Dataset records -
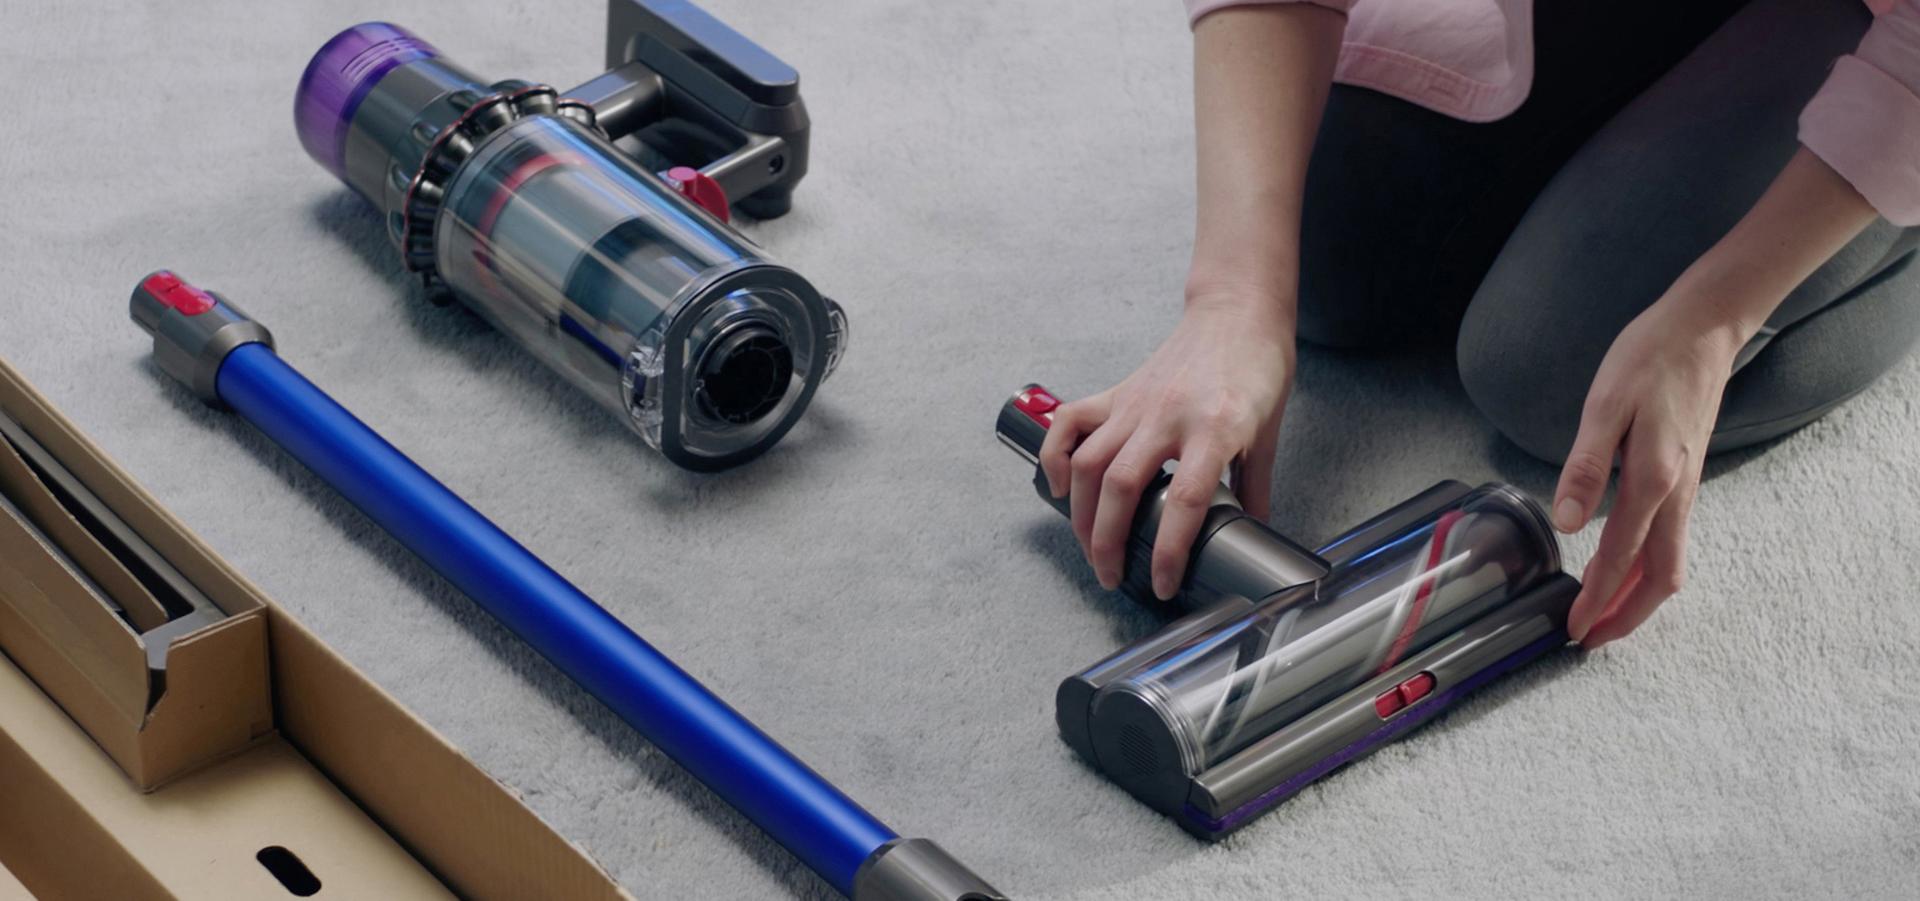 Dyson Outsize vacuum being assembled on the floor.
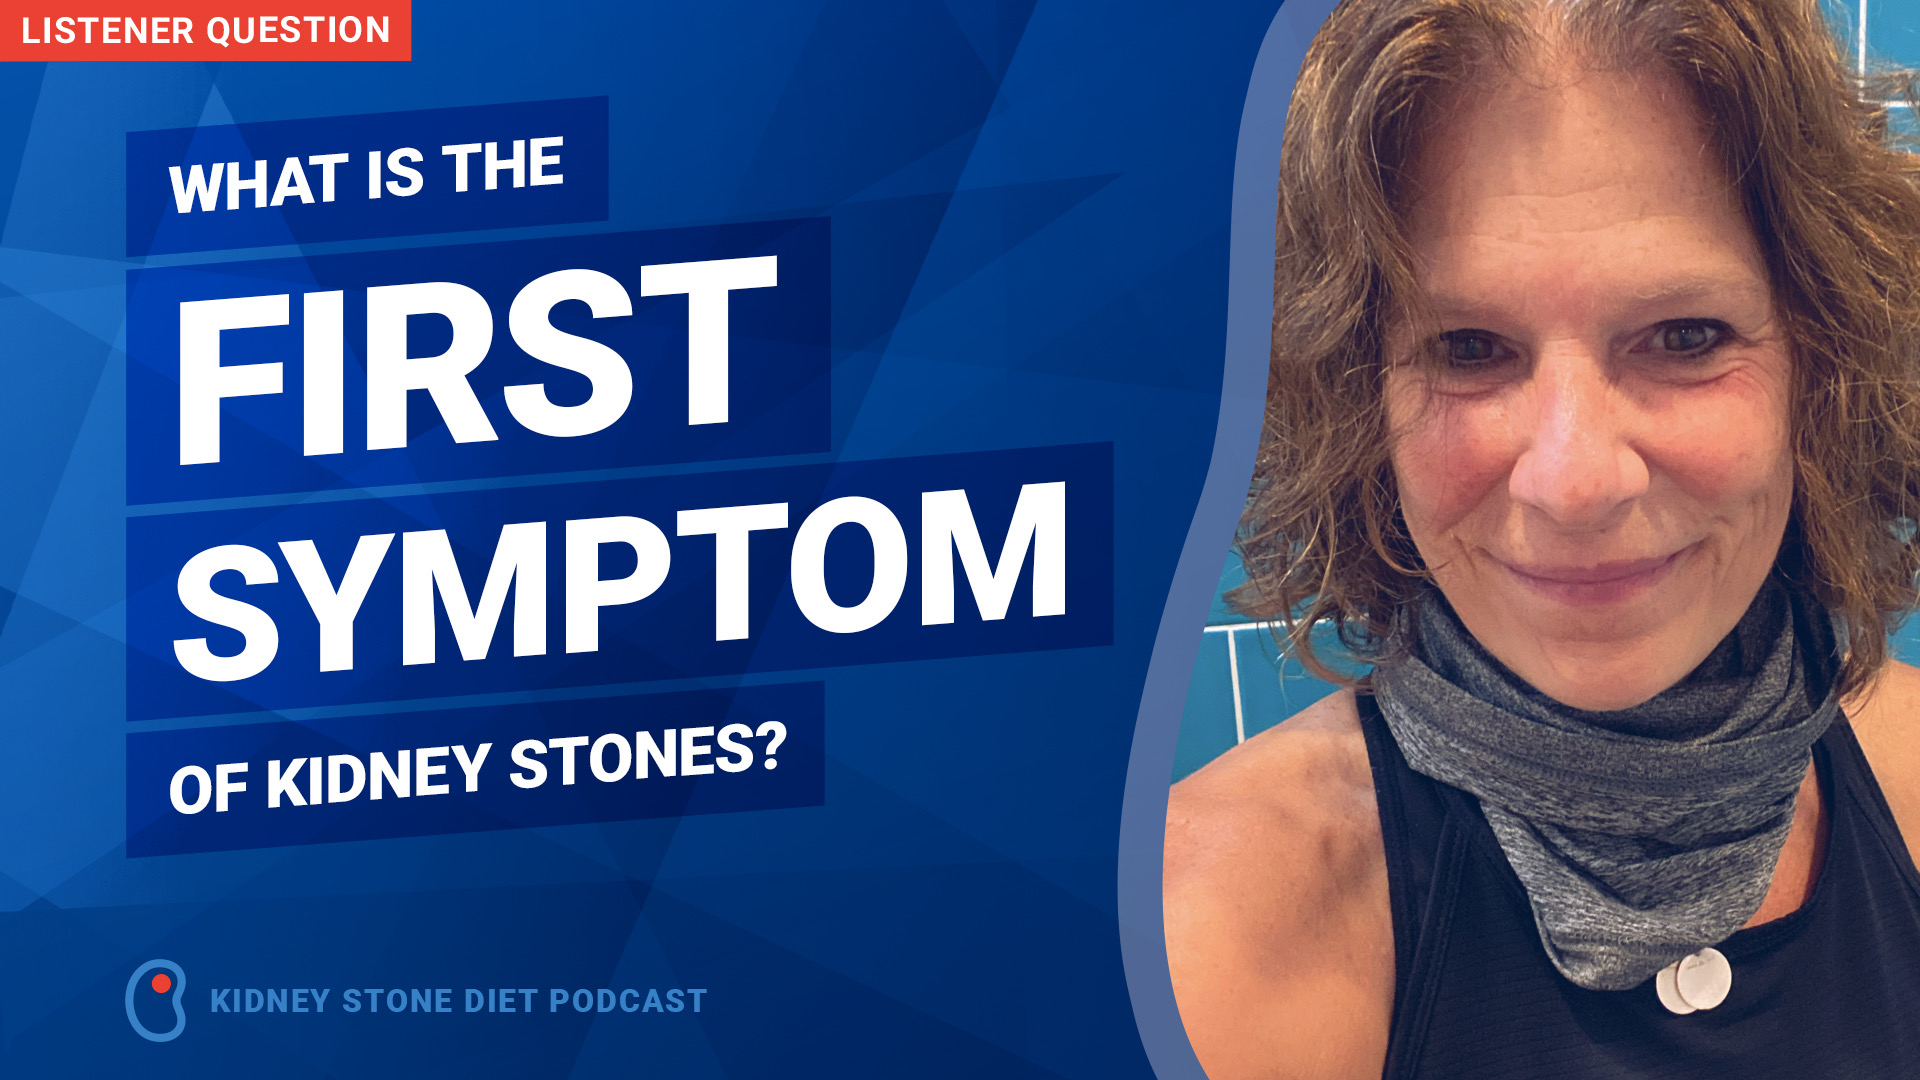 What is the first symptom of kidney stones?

==

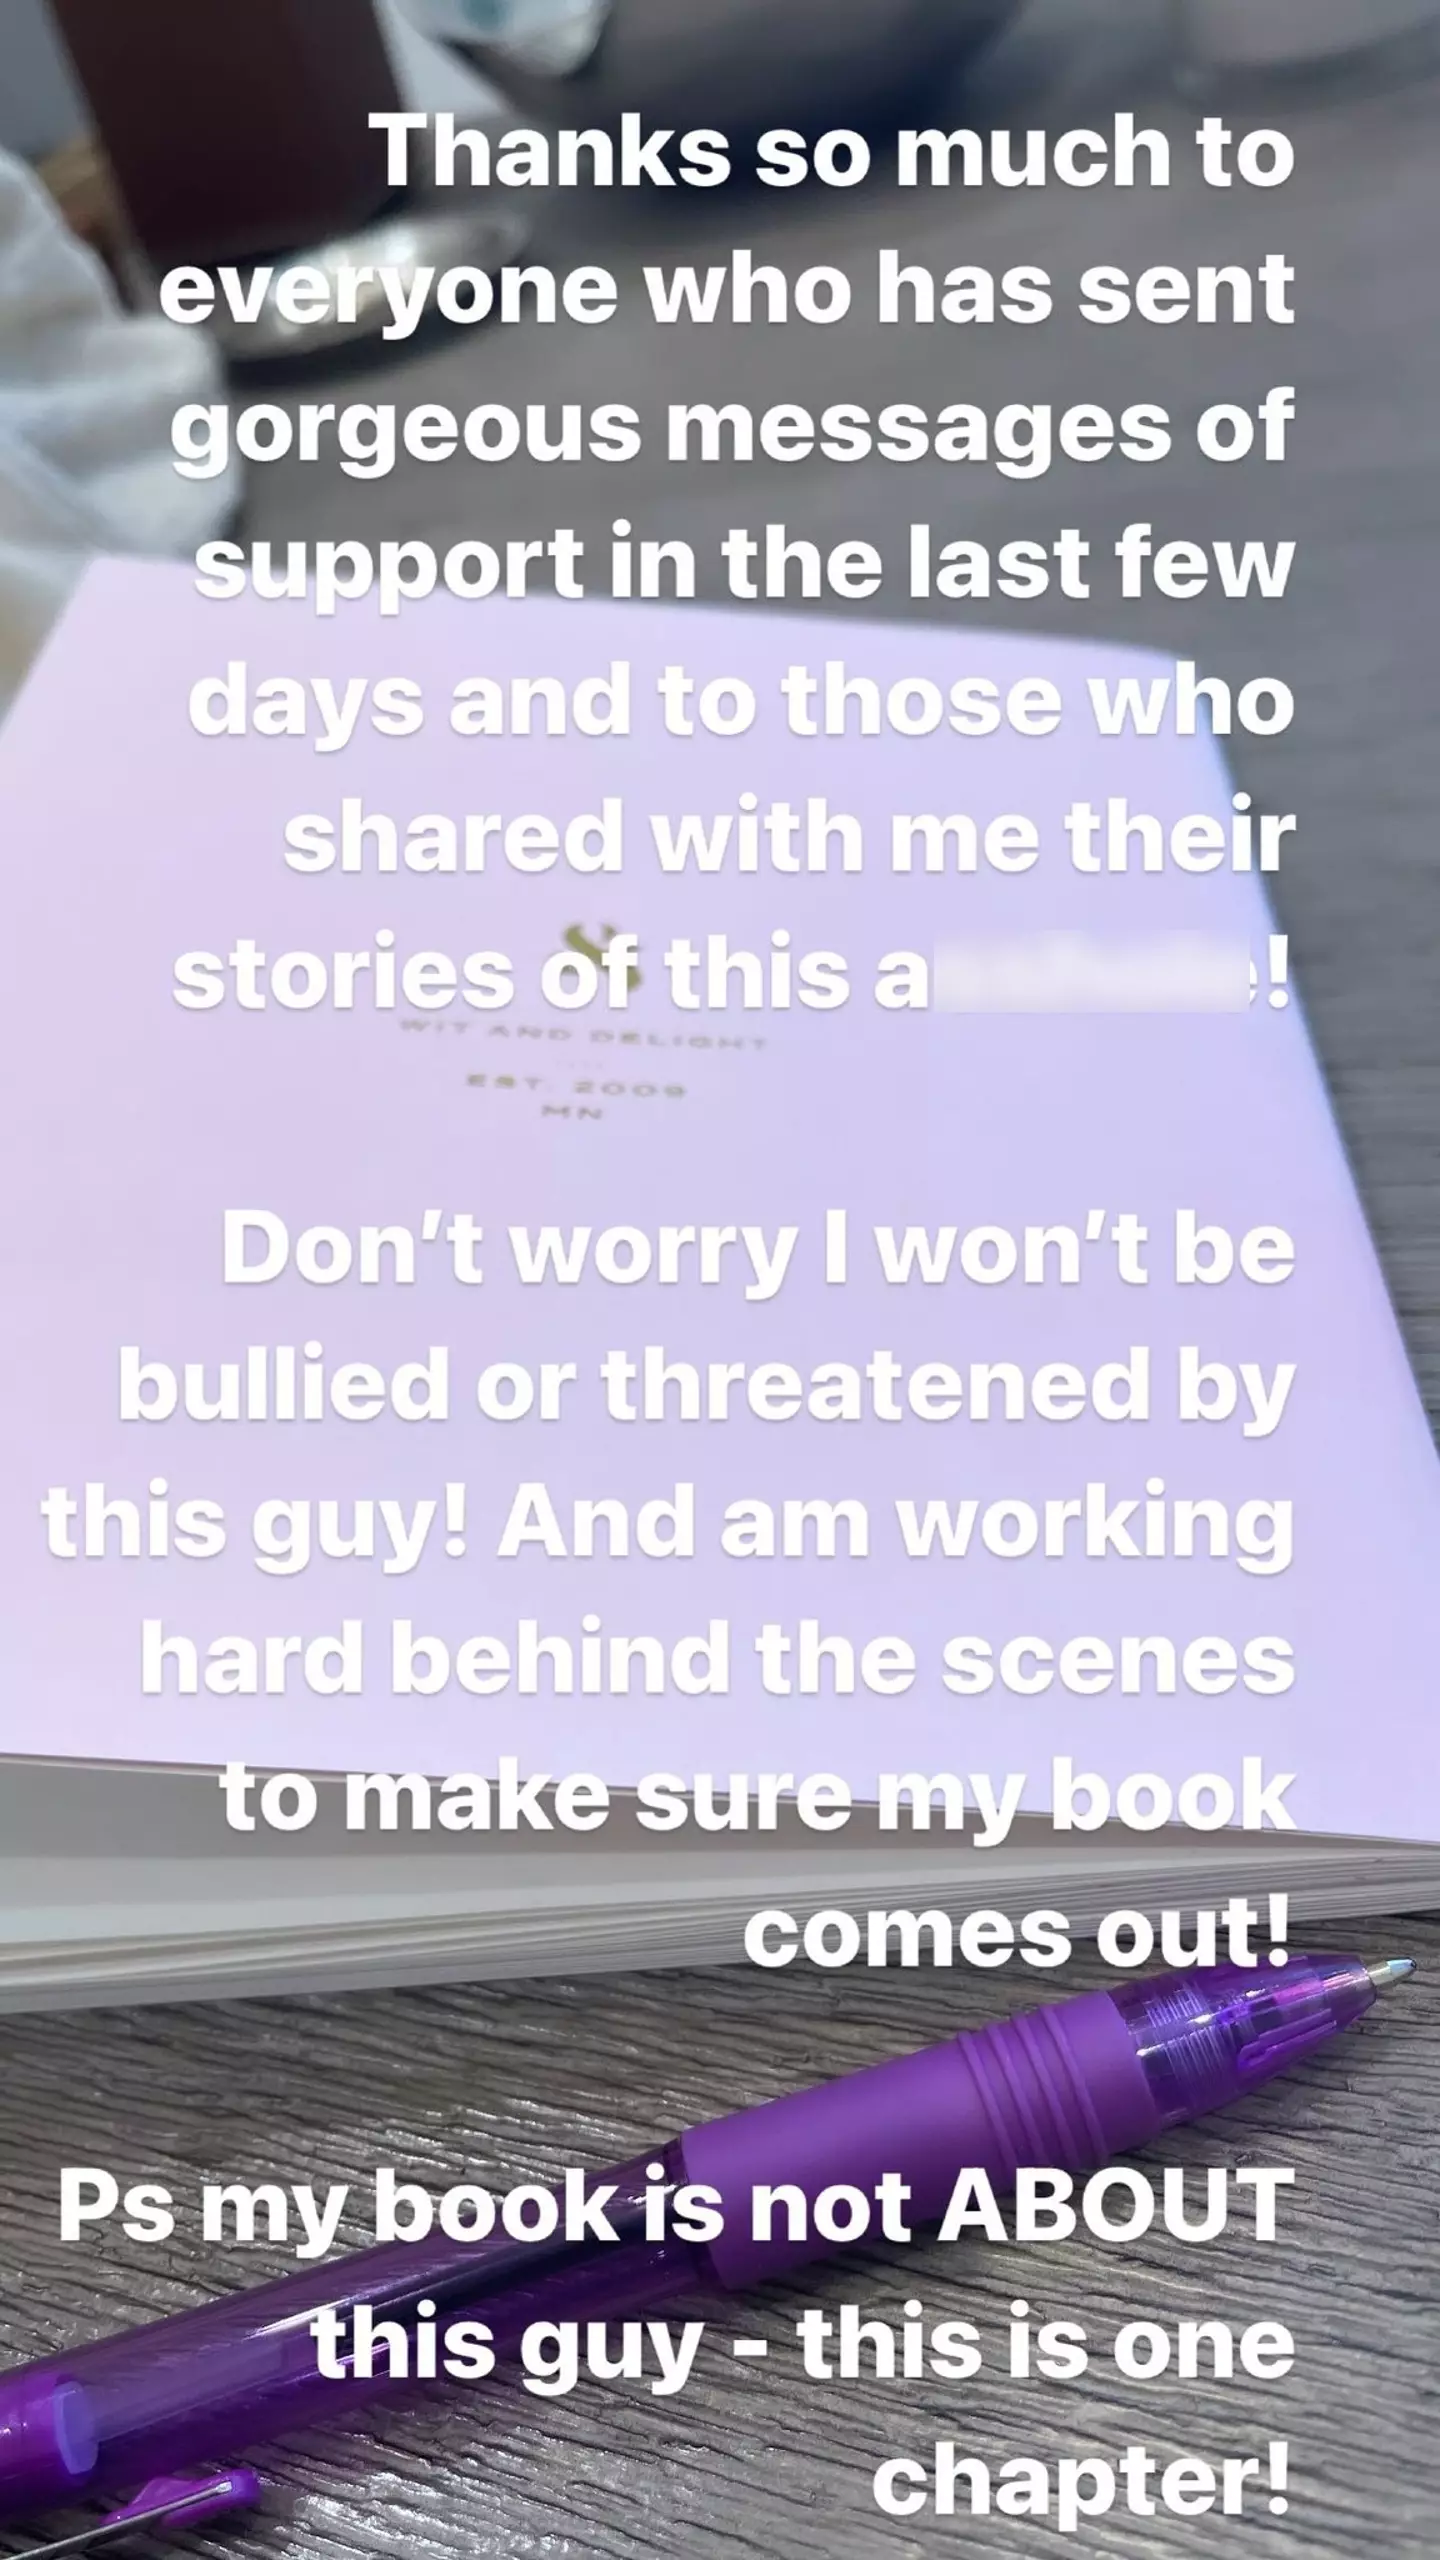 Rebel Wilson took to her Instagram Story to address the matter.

---

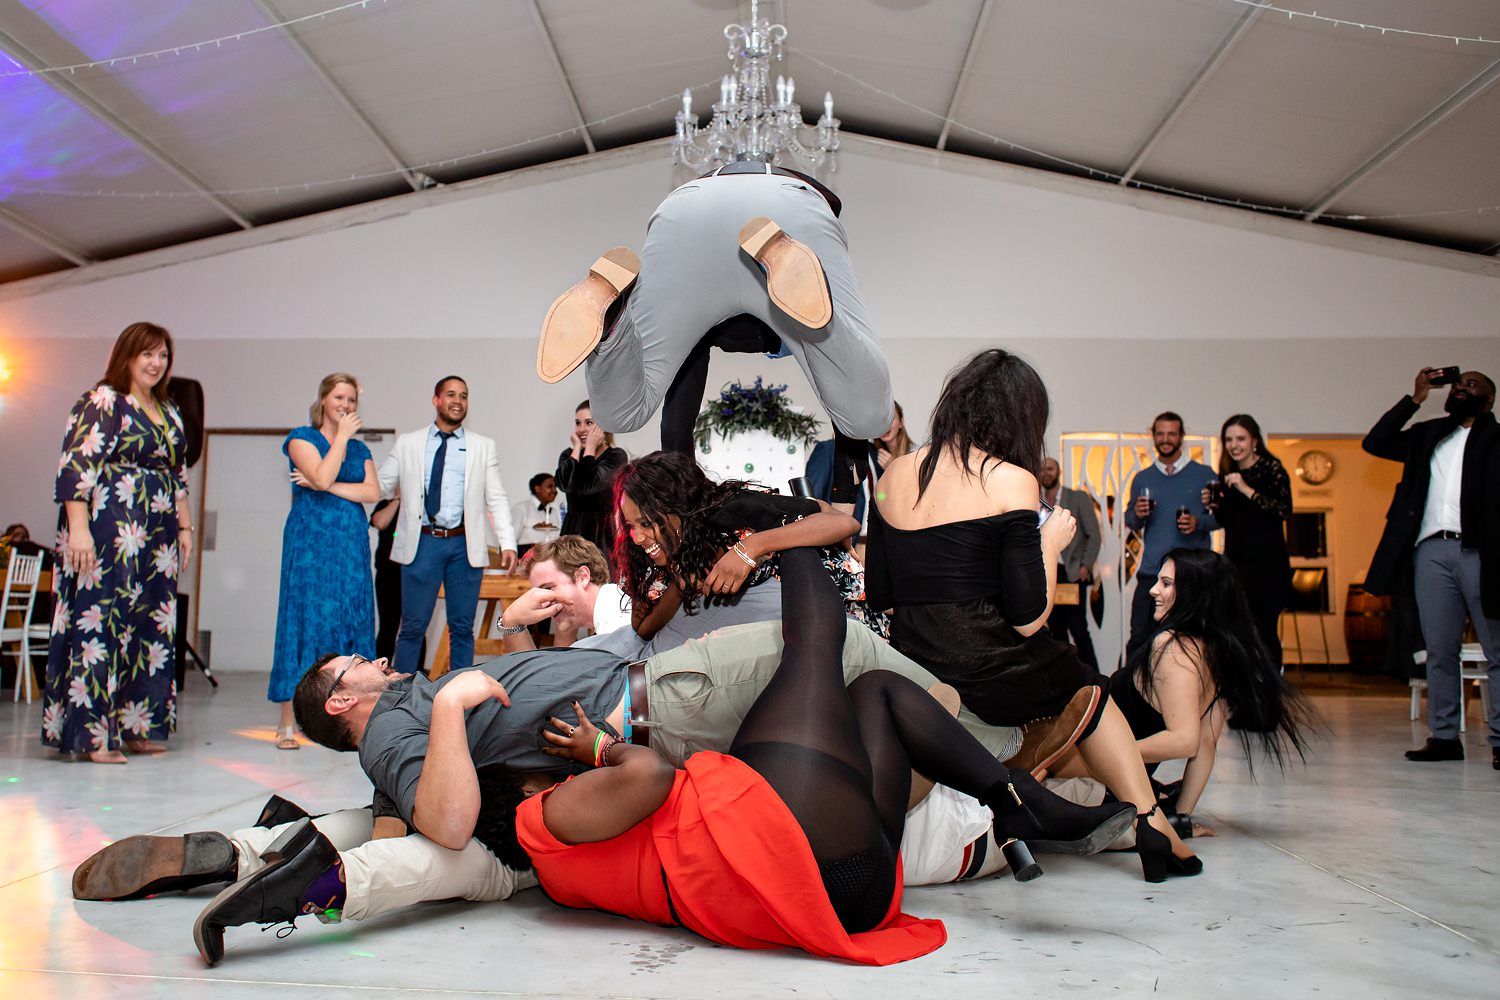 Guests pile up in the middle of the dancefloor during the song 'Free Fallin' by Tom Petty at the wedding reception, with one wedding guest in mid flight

Exercise - Copy the lines above exactly, starting with the line that contains "Dyson Outsize vacuum" and ending with the line that contains "What is the first symptom of kidney stones?", and leave out any pictures.

Problem solution -
 Dyson Outsize vacuum being assembled on the floor.
 What is the first symptom of kidney stones?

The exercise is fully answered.